The problem is that all the relational algebra operations we learned so far deal with rows.
Since this is the employees table, the rows represent employees.
It takes many rows, i.e. a group of rows, to represent all the data we have for a particular company.
Since we're dealing with groups of rows, we need a new type of operation that works on groups: aggregation.
Aggregation is the process of grouping rows together, then calculating individual values for those groups.
In our case, we want to group the rows within each company, and then get the maximum salary from each group.
In SQL, this is expressed in 2 parts: a GROUP BY clause and an aggregate function.
GROUP BY does the grouping part, and the aggregate function gets the maximum value.
SELECT max(salary) AS top_salary
FROM employees
GROUP BY company;
| top_salary INTEGER |
|---|
254000 |
277000 |
300000 |
This doesn't show us which top salary belongs to which company, so let's add company to the SELECT clause.
SELECT
company,
max(salary) AS top_salary
FROM employees
GROUP BY company;
| company VARCHAR | top_salary INTEGER |
|---|---|
Footbook | 254000 |
Wamazon | 277000 |
Poogle | 300000 |
Great! We have our insight. However, since we're a little nosy, let's also see the name of each person with that salary.
SELECT
company,
name,
max(salary) AS top_salary
FROM employees
GROUP BY company;
error: column "employees.name" must appear in the GROUP BY clause or be used in an aggregate functionWait.. we can't do that?
We can select company, but not name.
What's going on?
The differece is that company appeared in the GROUP BY, while name did not.
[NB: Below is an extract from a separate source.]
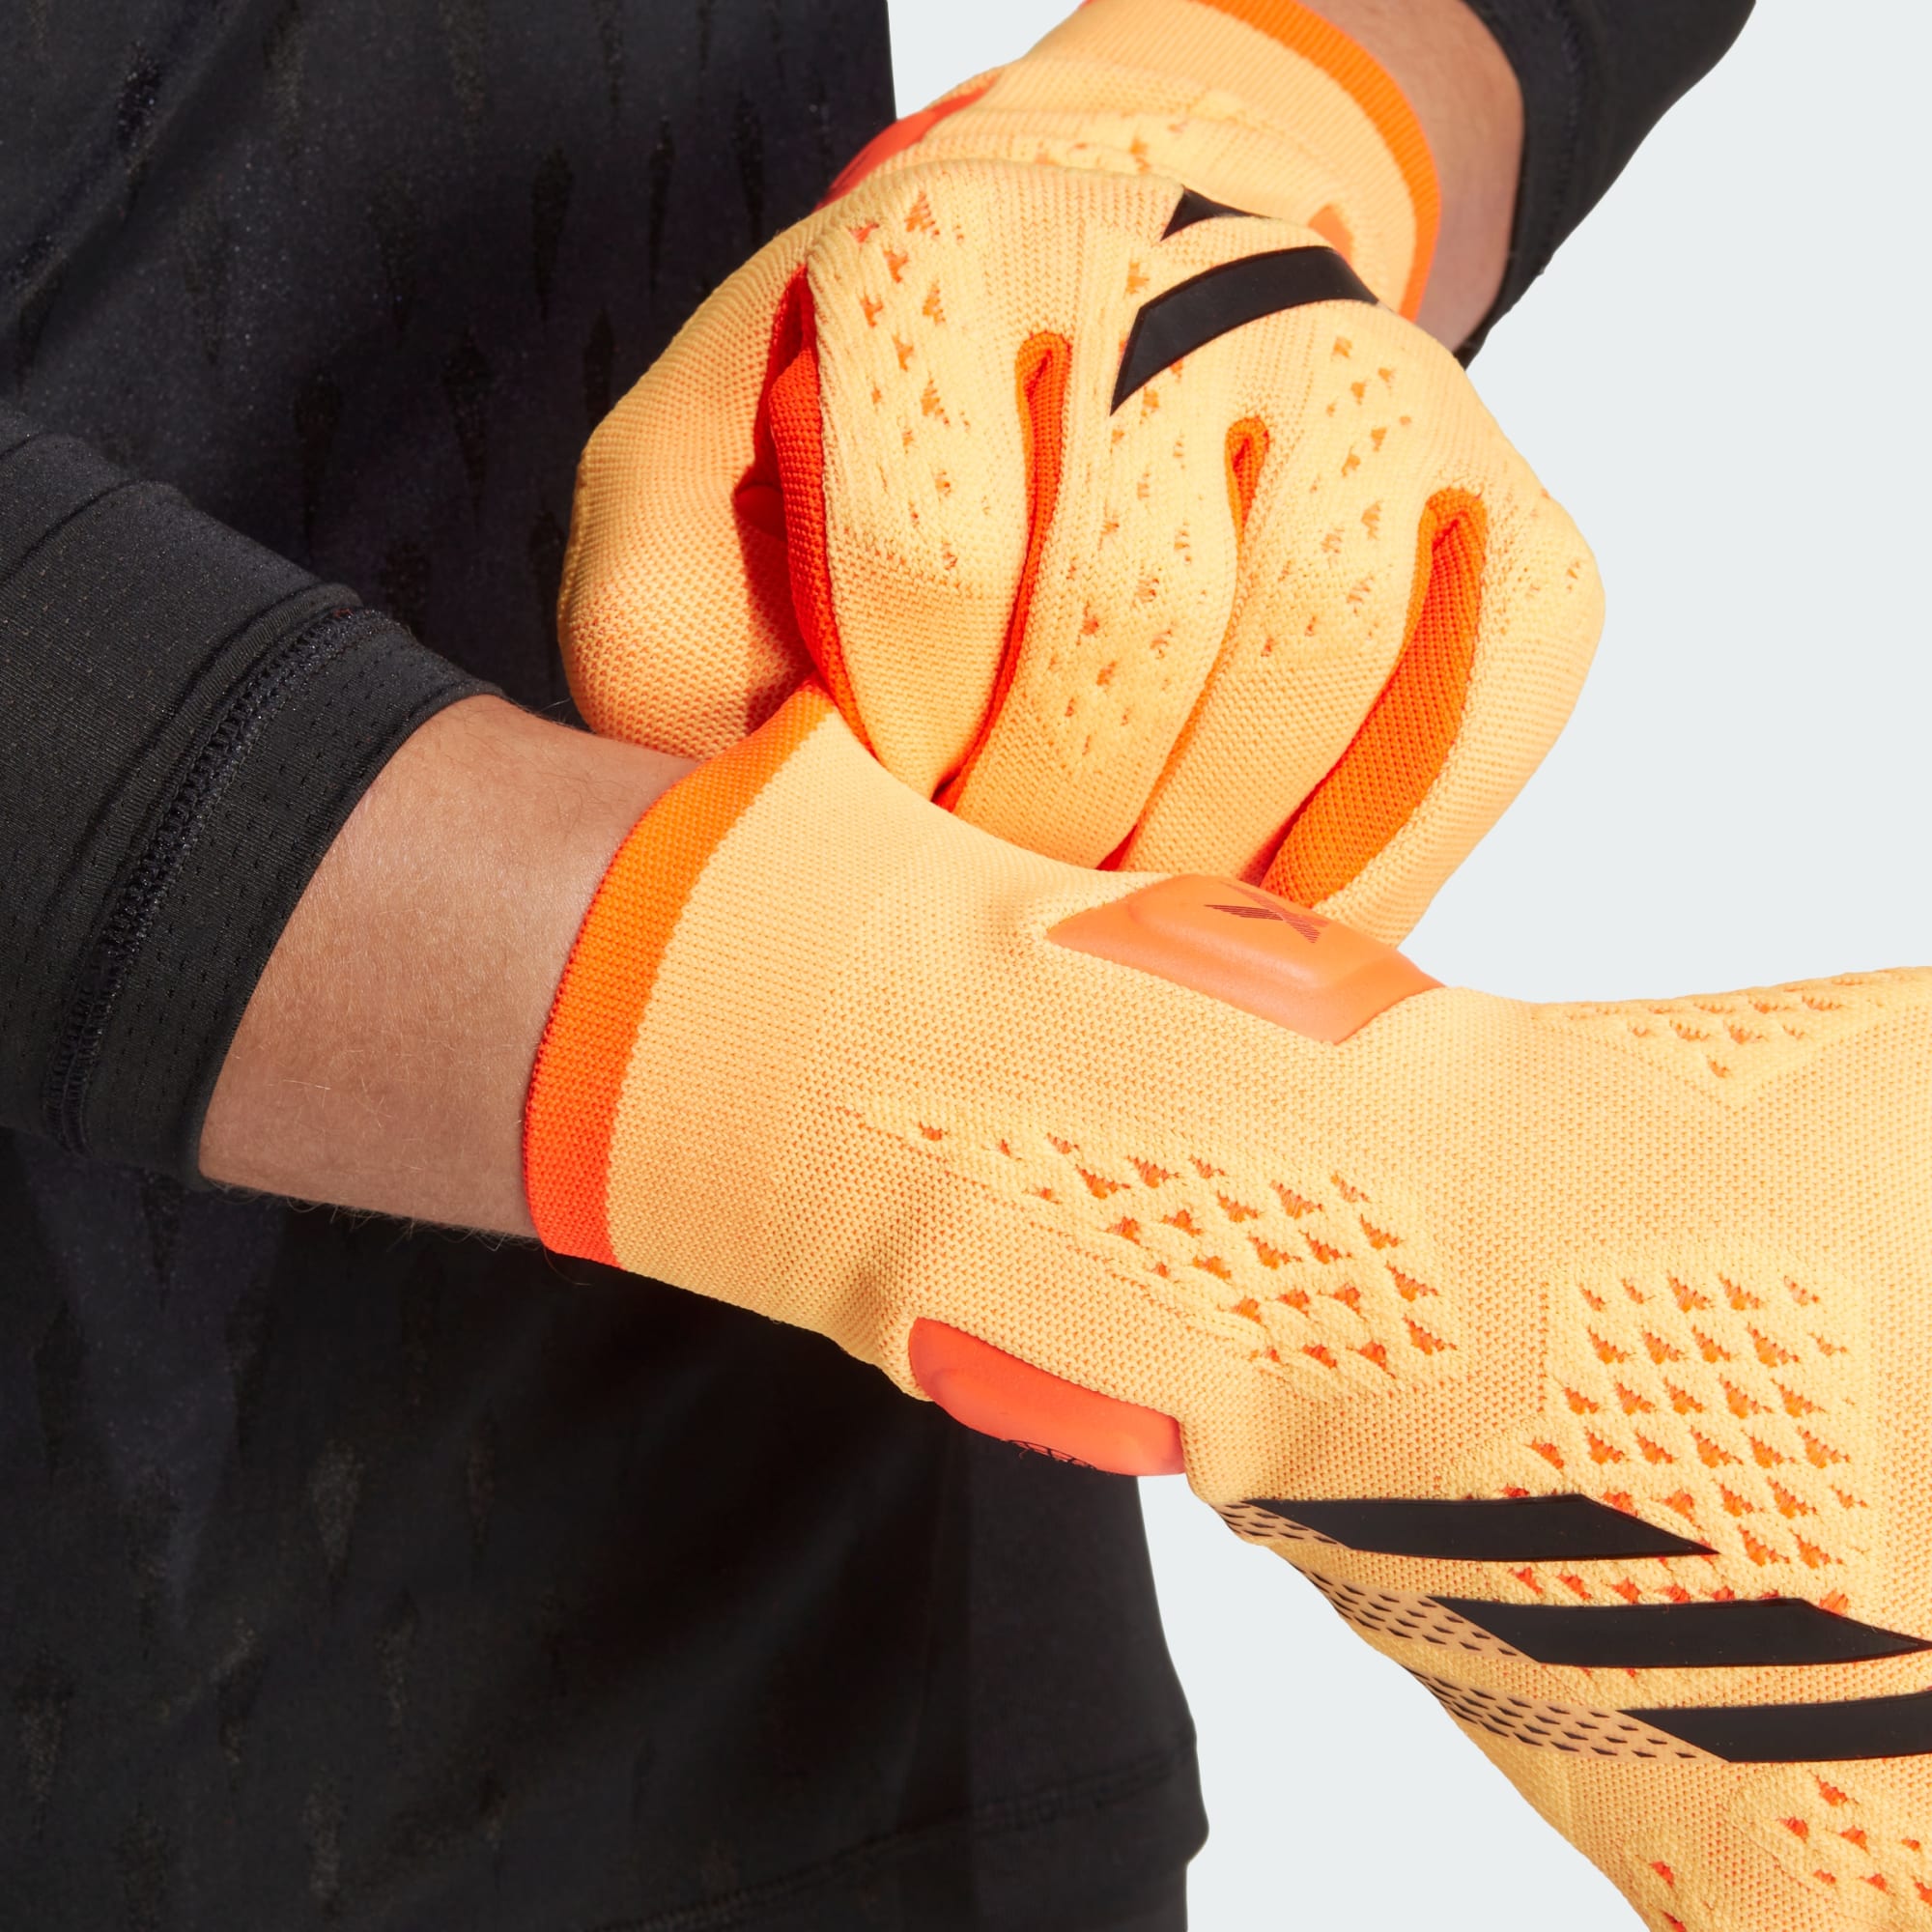 Adidas Predator Pro Goalkeeper Gloves Orange - Size 10

To understand this distinction, it helps to visualize the aggregation process.
Think of the GROUP BY as transforming the table in a special way.
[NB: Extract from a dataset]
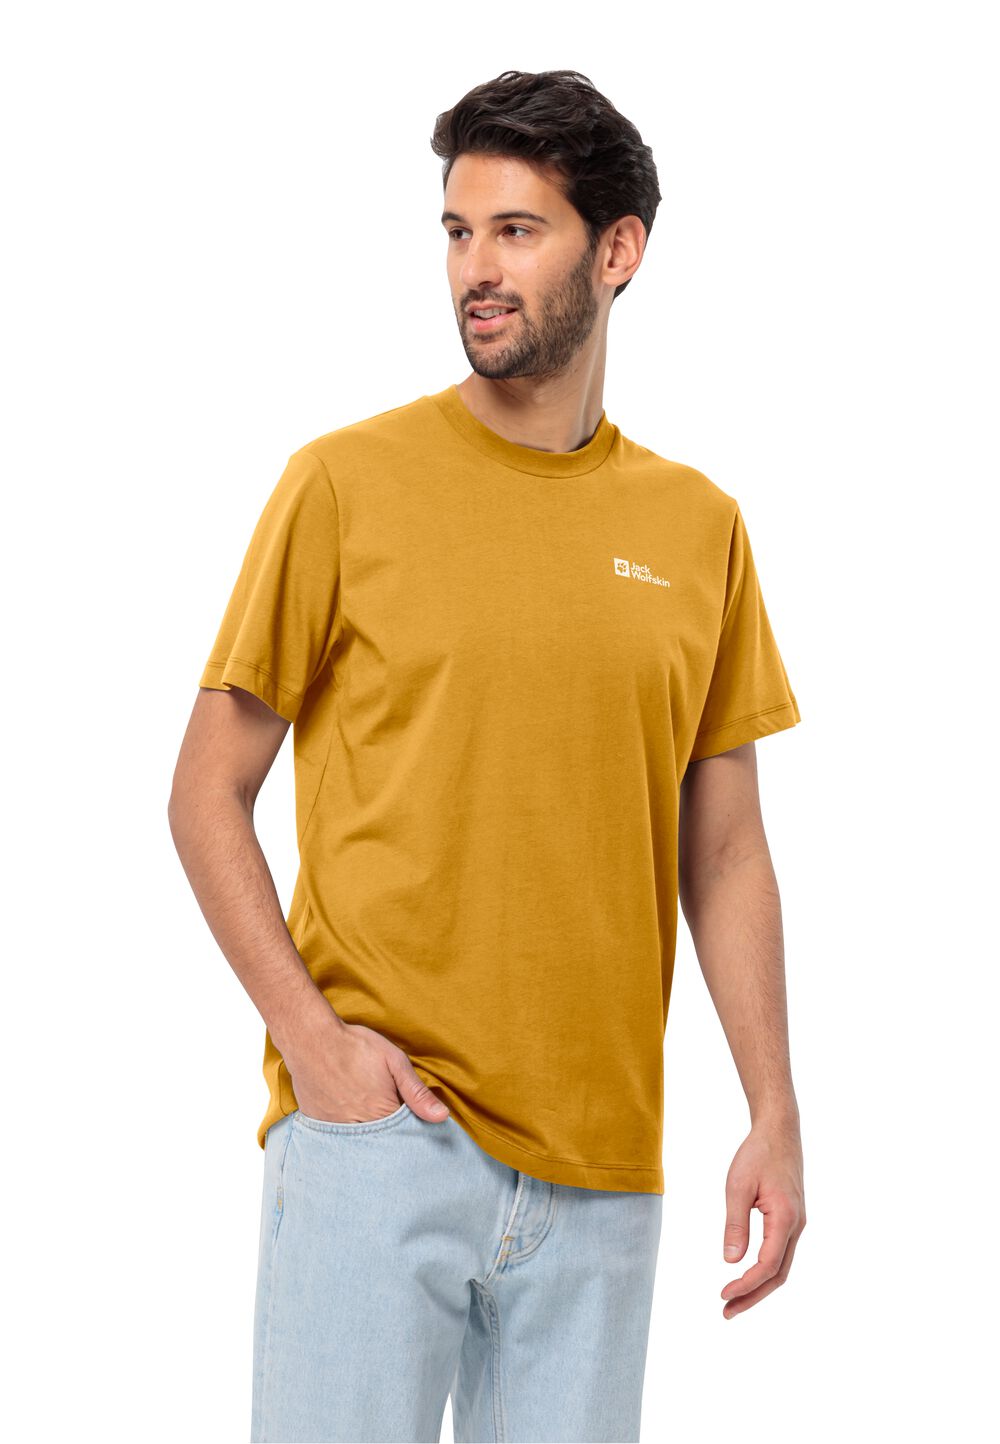 Jack Wolfskin Essential T-Shirt Men Heren T-shirt van biologisch katoen S bruin curry

It becomes an intermediate table with 2 types of columns: the grouped columns (green) and un-grouped columns (red).
In this case, company is grouped, as it appears in GROUP BY company, and salary and name are not.
The values in the company column which are equal to one another aggregate to form the groups, becoming the new green column containing all the unique values.
It is basically a normal column now that you can select.
The rest of the values in the non-grouped columns glob together in a sort of collection within each group/row.
Think of these collections as complex values that can't be selected directly,
you need to aggregate the collection, making it a single value per row, in order to select it.
That's where max(salary) comes in.
max() is an aggregate function.
Unlink normal functions, which take in individual values and return individual values,
aggregate function take in collections/groups of values and return individual values.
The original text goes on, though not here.